If the majesty of Kevin Mahogany has somehow eluded you through the dozen years and 11 albums that have accumulated since his dynamic 1993 debut, Double Rainbow, the Kansas City-born baritone’s richly polished Big Band (Lightyear/Mahogany) is an ideal introduction. For long-standing Mahogany connoisseurs, it’s simply continued proof that he remains in an exalted class all his own.

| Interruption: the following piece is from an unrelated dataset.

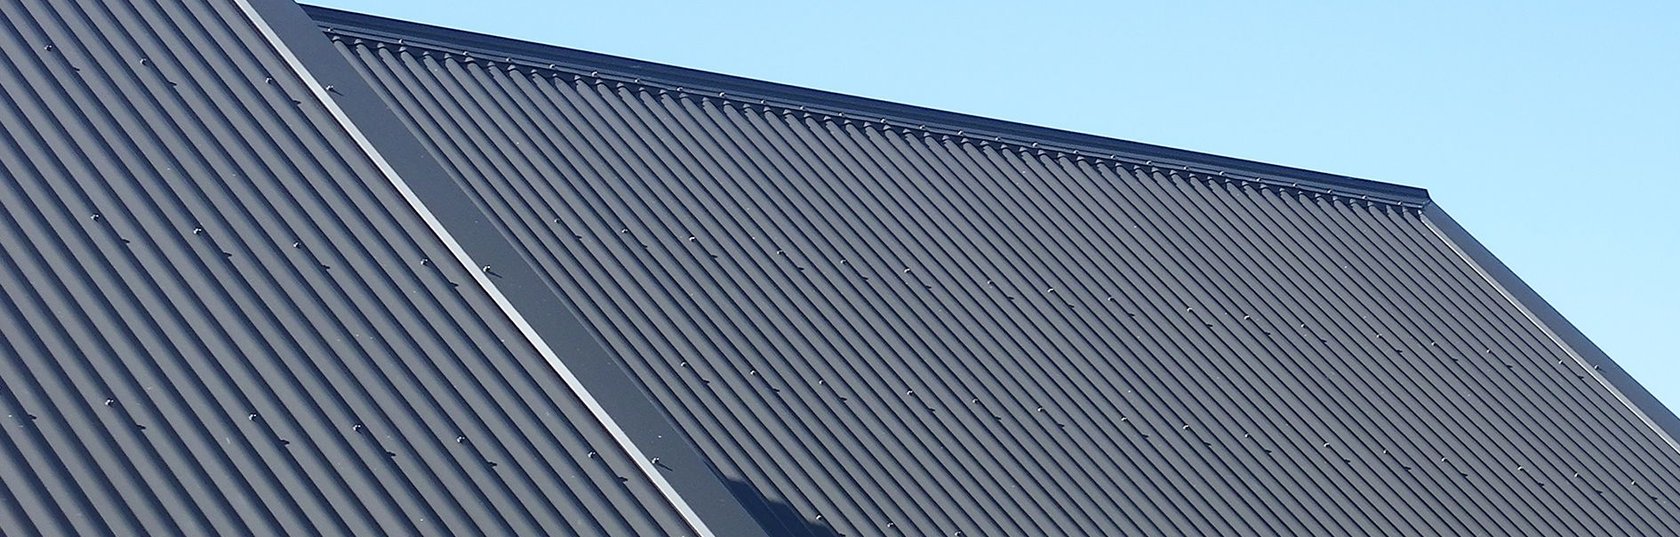 Capped off to perfection: alternative roofing products
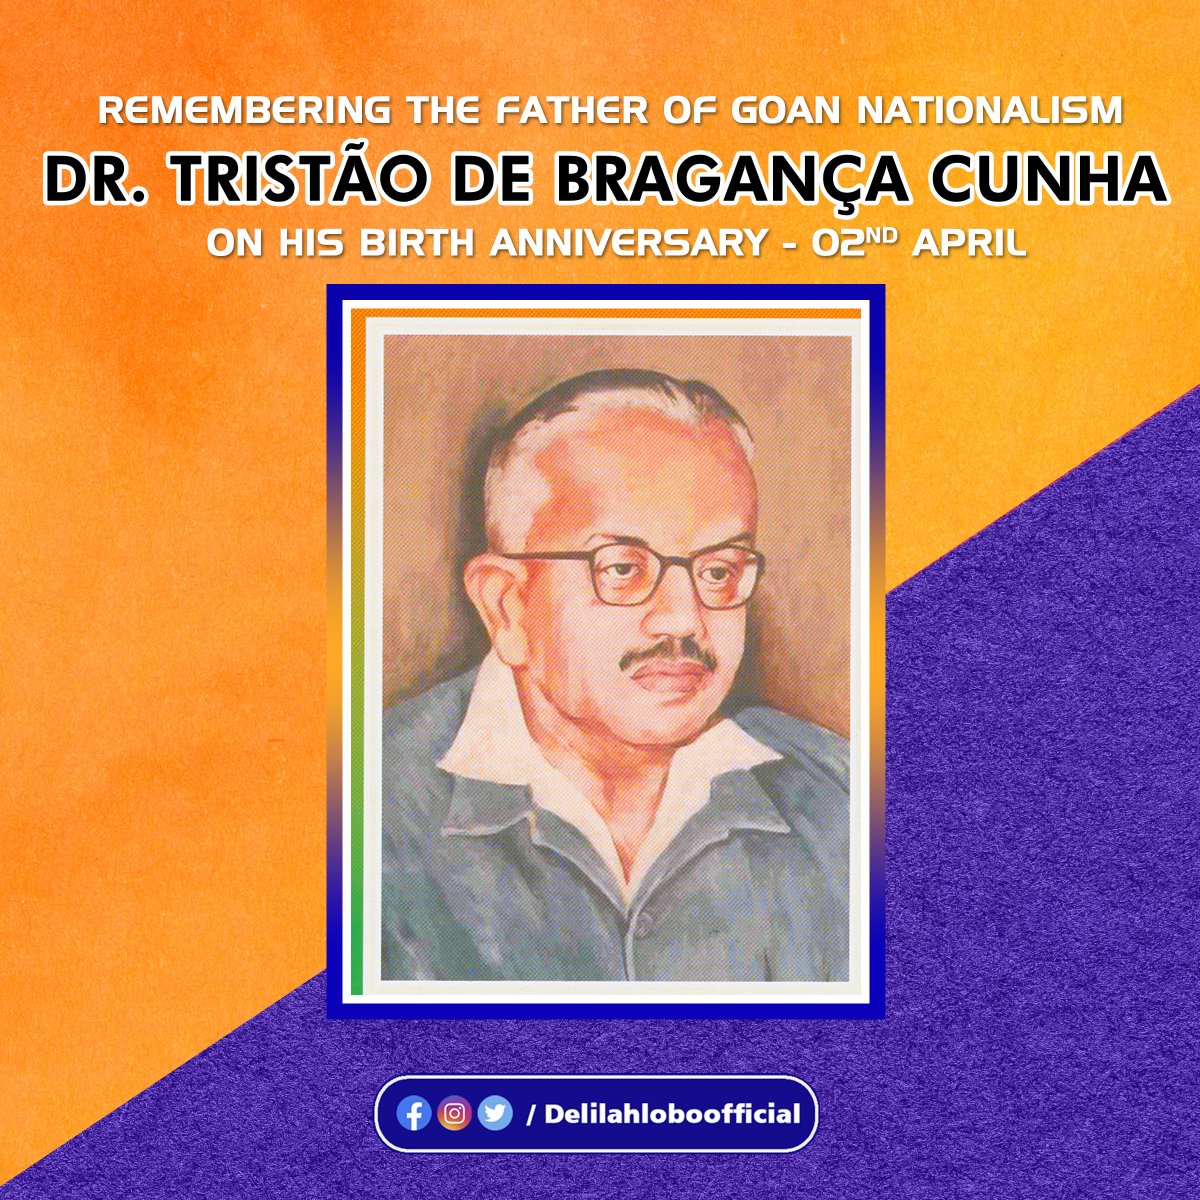 Honoring the legacy of Indian nationalist and anti-colonial hero, Dr. #TBCunha, on his birth anniversary! 🇮🇳 Known as the 'Father of Goan Nationalism,' his tireless efforts paved the way for Goa's liberation. Let's commemorate his unwavering dedication to freedom and justice.

Mahogany’s big, basso Joe Williams-ness is particularly well-suited to bold ‘n’ brassy orchestral backing, provided principally by the Frank Montooth Jazz Orchestra (on half of the album’s 10 tracks) with single appearances by the likes of the Big City Swing Jazz Band and his hometown Kansas City Boulevard Big Band, sturdy enough to support his multishaded robustness. Standards are the order of the day here, with Mahogany serving up a bracing “Moonlight in Vermont,” a swingin’ “It Don’t Mean a Thing” set to a light Afro-Cuban beat and a scintillating, suede-soft, samba treatment of “Three Little Words.” Mahogany teams with the sizzling Veronica Martell for a sinfully dusky “It’s Alright With Me” and shows off his tremendous balladeer skills on “Dear Ruby” and a muted, three-in-the-morning “One for My Baby” gently wrapped in velvety tenor sax work by guest soloist Peter Christlieb. Like Williams, Mahogany is a master of buttercream blues, as evidenced by a towering treatment of Harry “Sweets” Edison and Jon Hendricks’ “Centerpiece” complete with a stunner of a scat chorus that suggests the technical wizardry of Mel Torme blended with the cunning intelligence of Cassandra Wilson. Finishing with stylish flourish, Mahogany joins forces with pianist James Williams’ for an urbane “Don’t Get Around Much Anymore” that echoes the scotch ‘n’ sable Nat “King” Cole version (from the Billy May-led big band tour de force Just One of Those Things) in its grand elegance.